* **DATA BLOCK**

■ ■ ■ ■

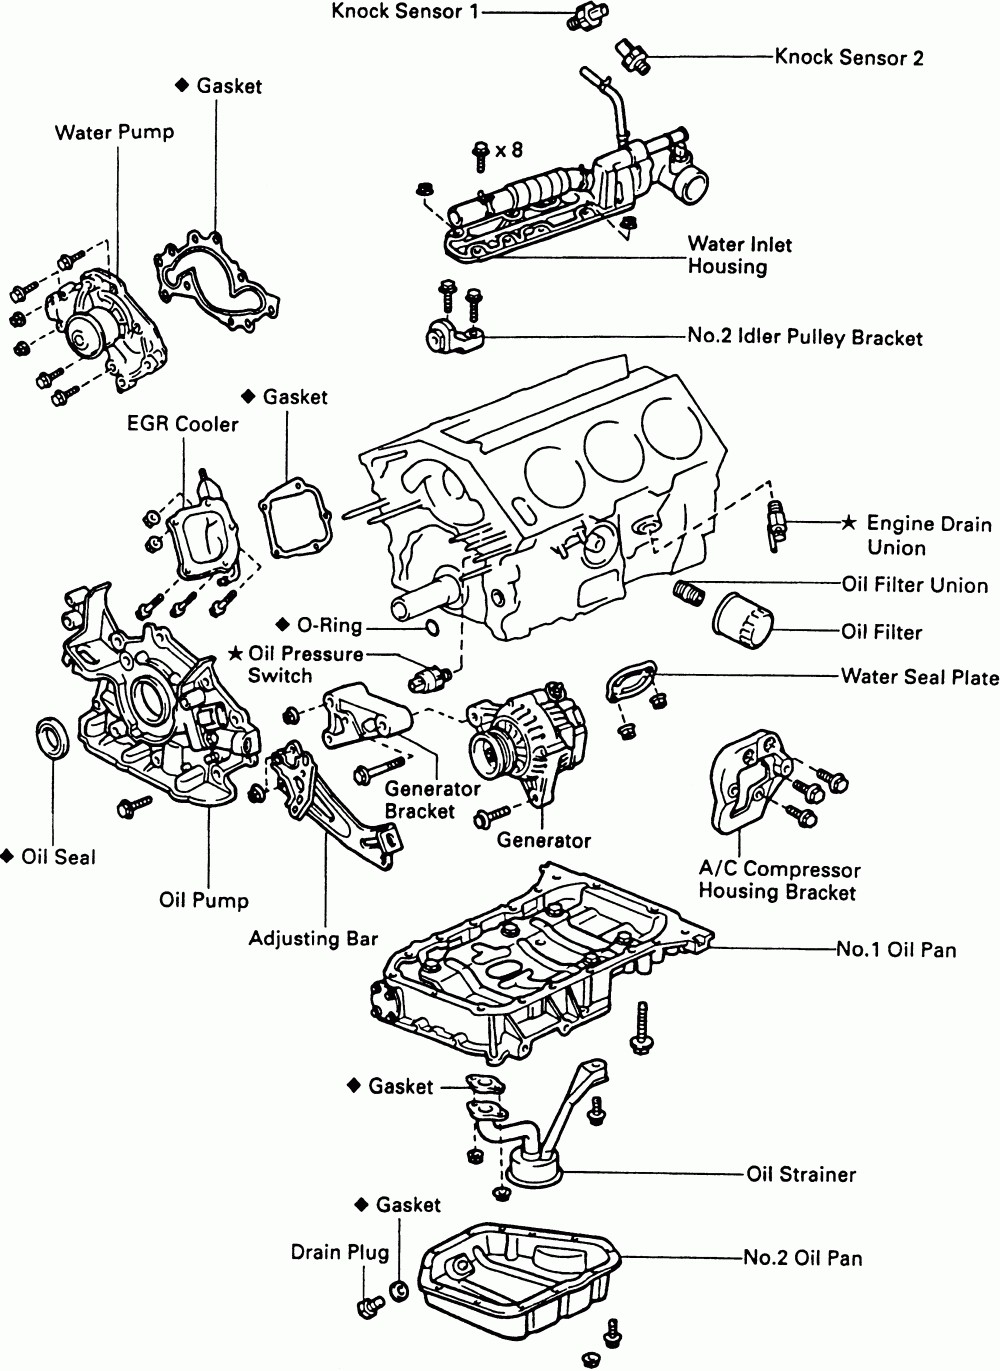 2004 toyota Camry Engine Layout 2004 toyota Camry Engine Parts Diagram Of 2004 toyota Camry Engine Layout
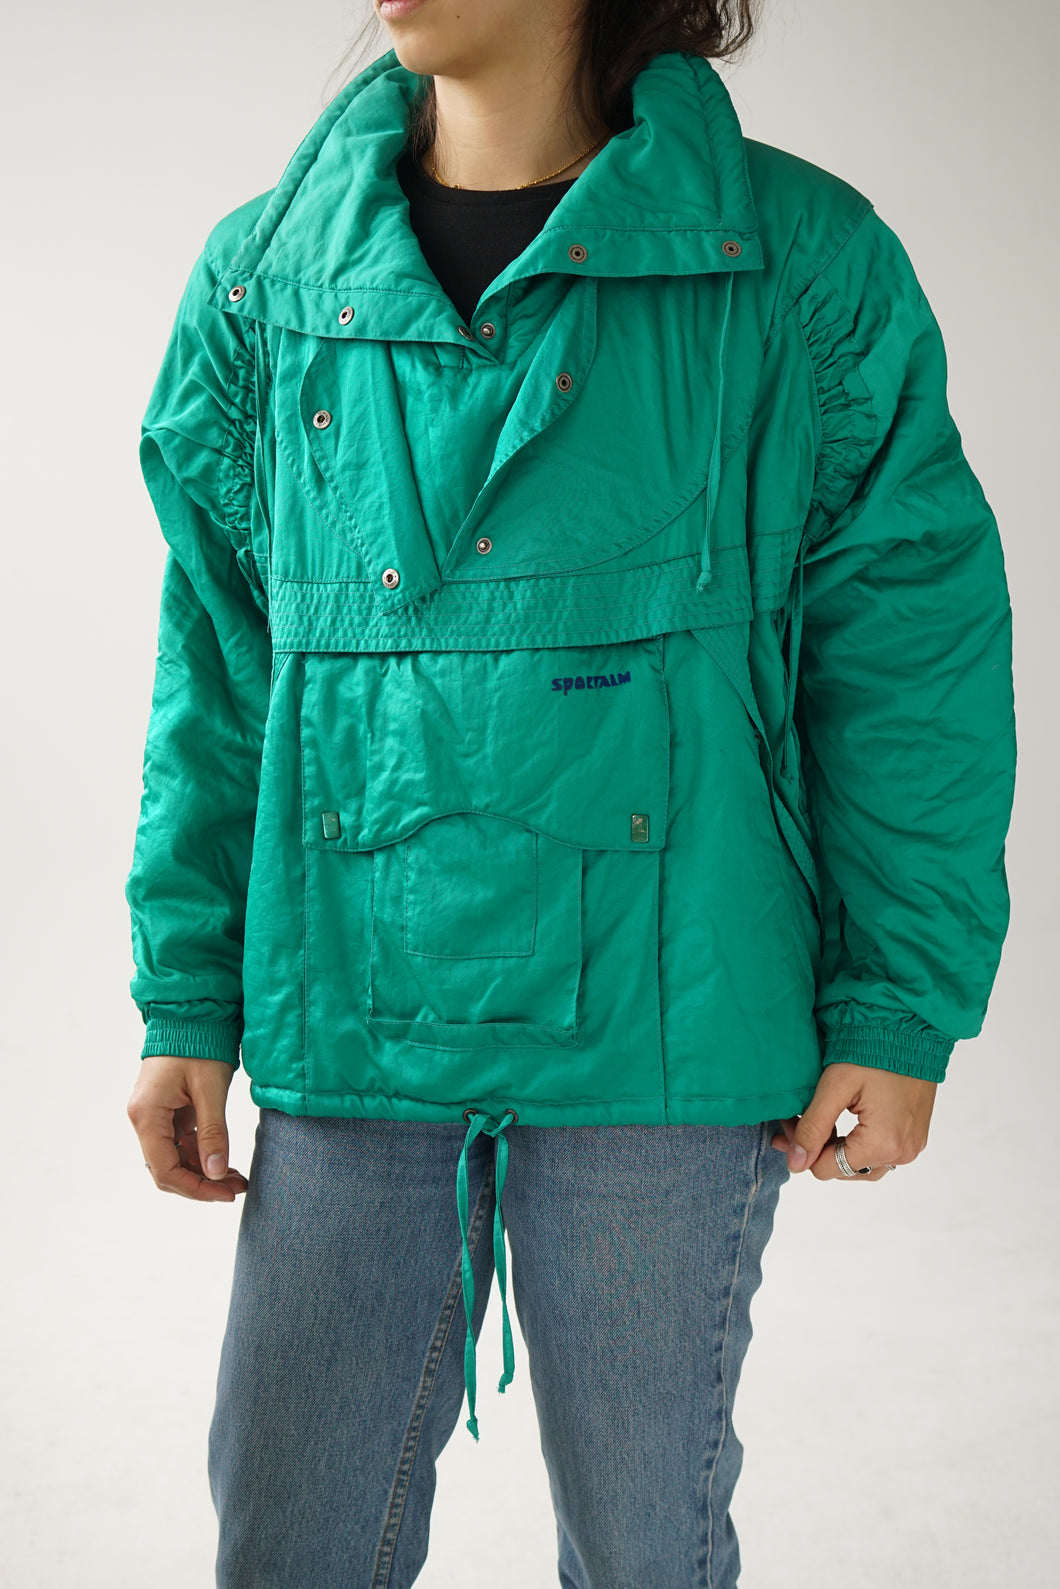 Sportalm light jacket size 40
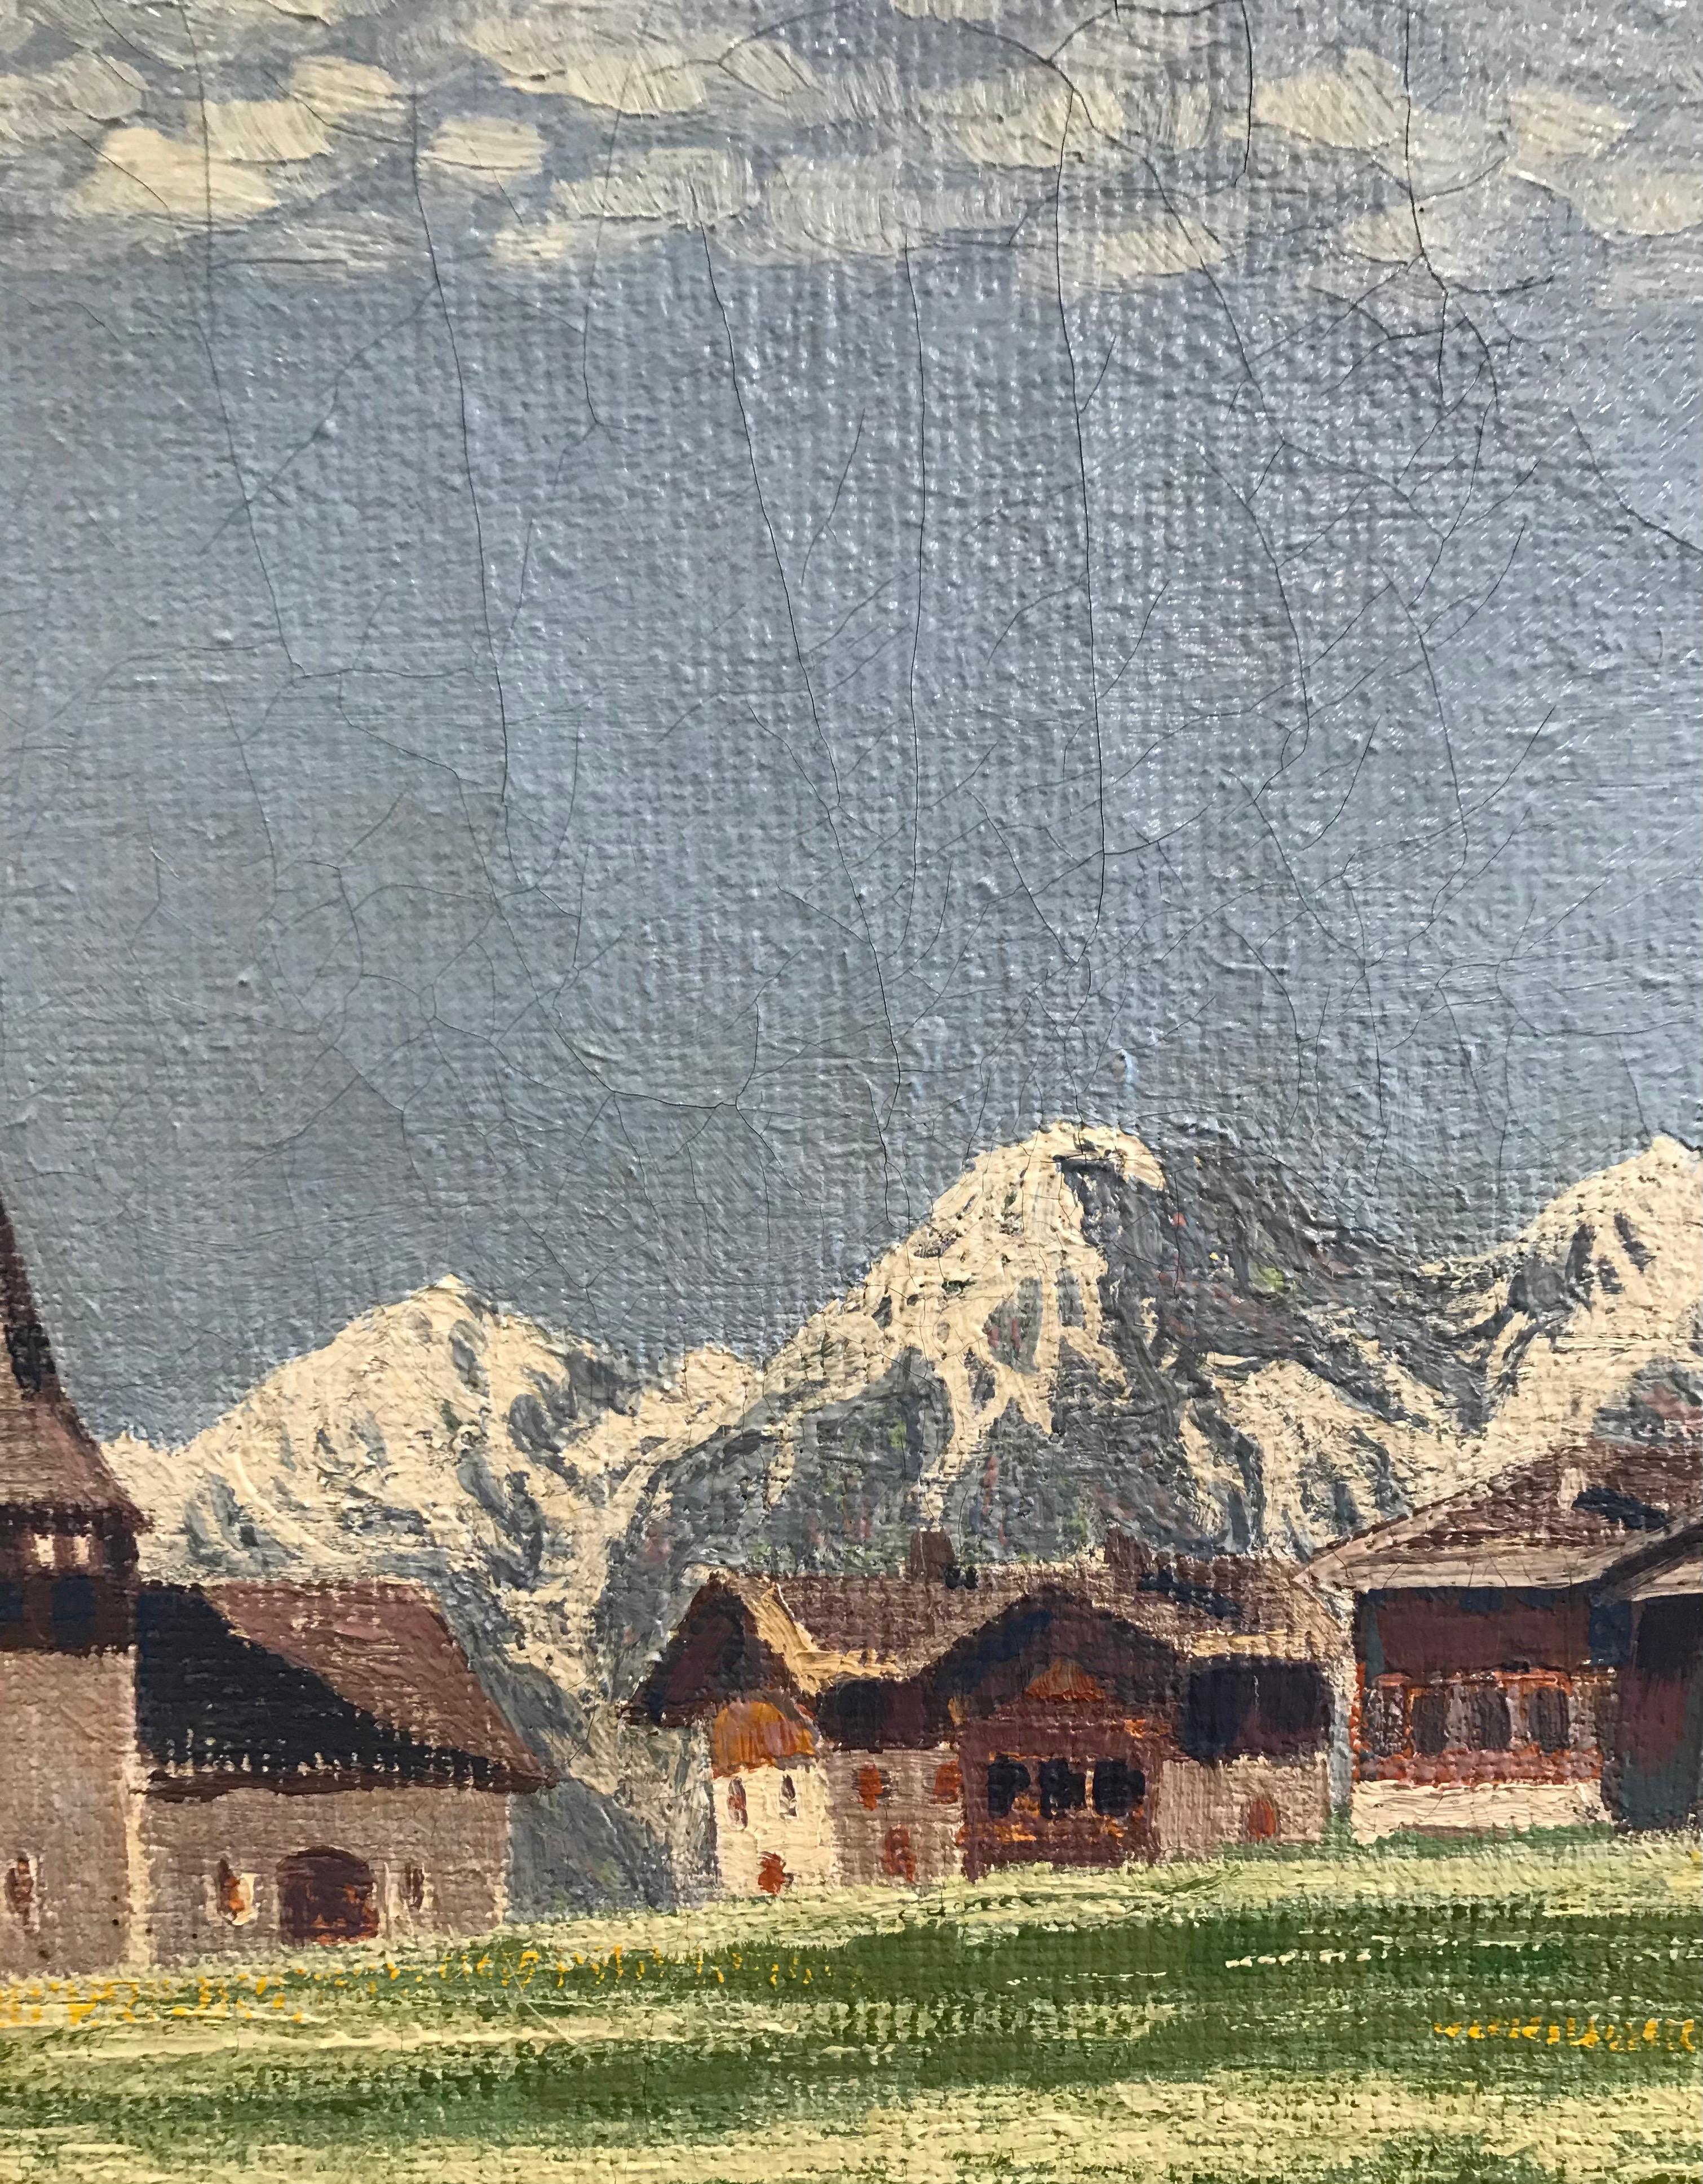 Swiss painter

Work on canvas

■ ■ ■ ■

* **EXERCISE**
Where the line holding "Sportalm light jacket size 40" appears, start copying, and continue exactly through the last line of the listing, both ends included, skipping the pictures.

* **YOUR SOLUTION**
 Sportalm light jacket size 40
 Swiss painter

Work on canvas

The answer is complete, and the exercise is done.